I got one of the see starter trays with the peat cubes. Wet it all down and pulled the peat out of the little packets after it had expanded. LaId it flat and put in a piece of ghost wood hoping it would make transport slimpler. Sprinkled in about 1/3 of the packet and put it under a 65k cfl. This was on 3/2



















Now today 3/24 with misting every few days and 2x misting with rice water its looking like this...










The stick has some mold but other wise not bad for about 22 days. I dropped in some springtails tonight (about 20) to see if they will take care of the mold.


----------



## earthfrog (May 18, 2008)

The green mold seems the least aggressive of the molds but if it were me, I'd remove that piece and boil/bake it to get rid of some growth and put it back in to give the kyoto moss a chance to catch up.

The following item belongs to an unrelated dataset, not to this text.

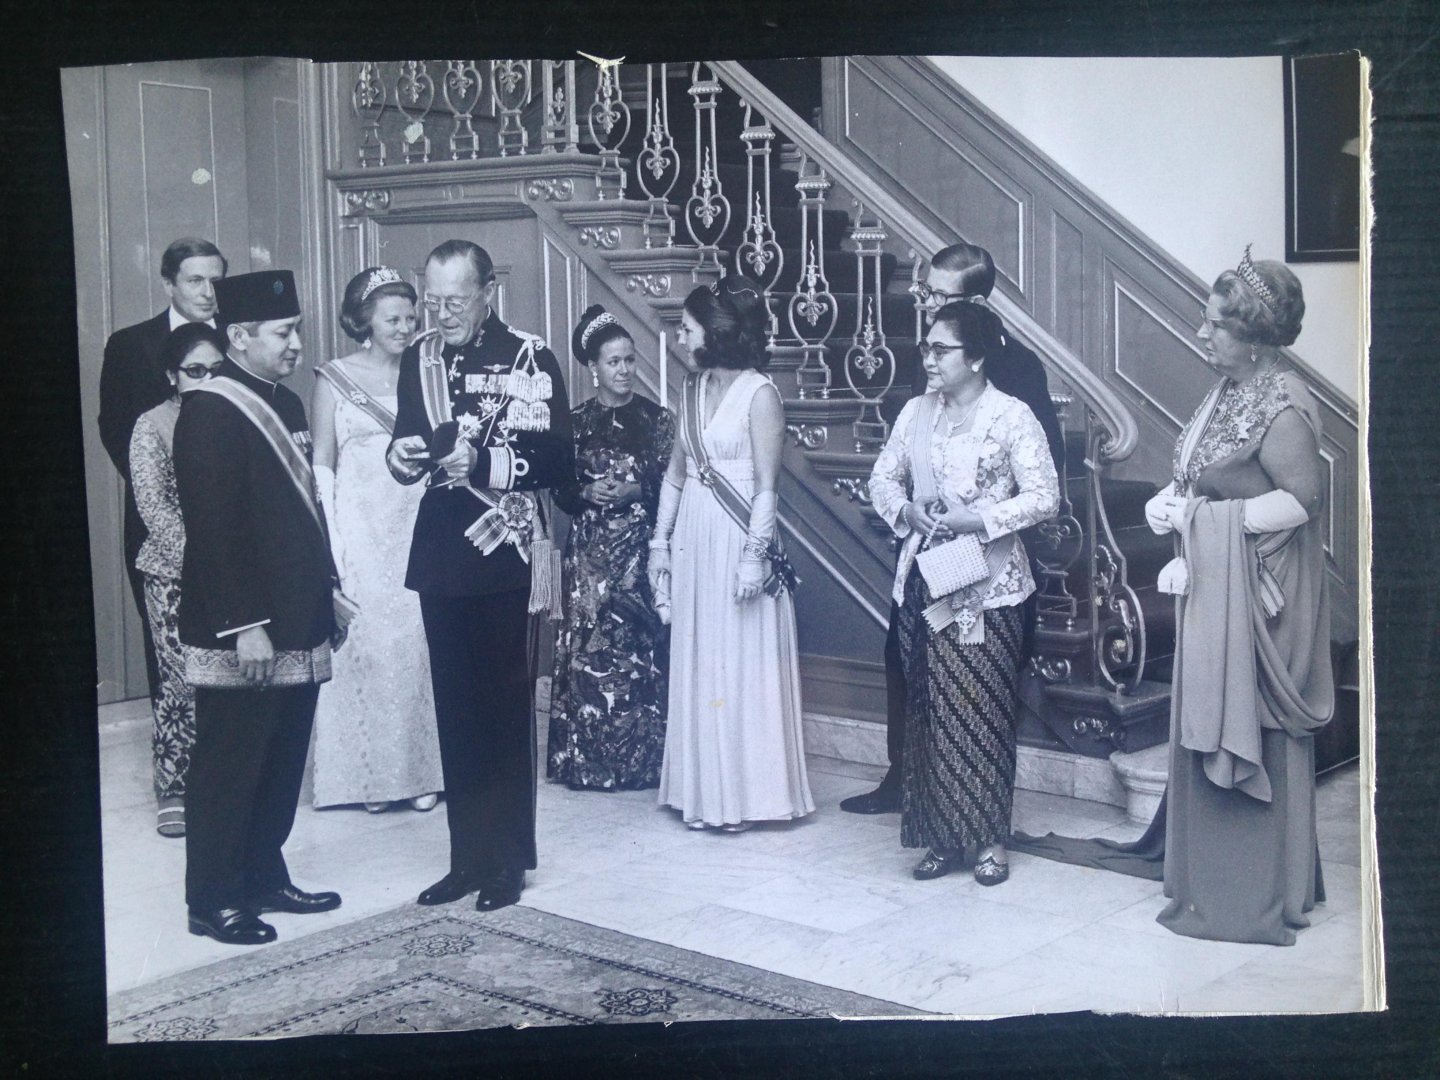  - Programma bezoek van Zijne Excellentie de President van de Republiek Indonesie aan HM de Koningin,1970

It took me months to get mine growing in good.


----------



## Lunar Gecko (May 7, 2010)

I may do that or just pull the stick out all together.

About how long did you have yours going till it got to the stage mine is at? Wondering how long I have till I can pull some out. Im thinking anther 20-30 days.


----------



## earthfrog (May 18, 2008)

Lunar Gecko said:


> I may do that or just pull the stick out all together.
> 
> About how long did you have yours going till it got to the stage mine is at? Wondering how long I have till I can pull some out. Im thinking anther 20-30 days.


It will probably be about that long before it coats the surface provided mold or fungus does not overtake it. 
Mine is not a good measure for you since I just sprinkled it in my viv everywhere and it took months to activate and grow. The only place it rooted was on a seed pod---now the seed pod is covered in the stuff and it is a super-soft, microfine hair that lets off spores now and then.
Do not let it dry out in viv or it will turn yellow and take a looong time to turn green again (if ever). It likes to stay cool, too, and once mature likes moderate lighting rather than bright lighting.


----------



## Okapi (Oct 12, 2007)

any updates?


----------



## Sigaw (Apr 3, 2010)

Yeah, I'd like an update on this as well.


----------



## soknleet (Feb 15, 2011)

Maybe a dead end here, but is there any results ? 

Would be fun to see that this realy worked out


----------



## McBobs (Apr 26, 2007)

Definitely a dead end. The OP hasn't been on DB in 6 months.


----------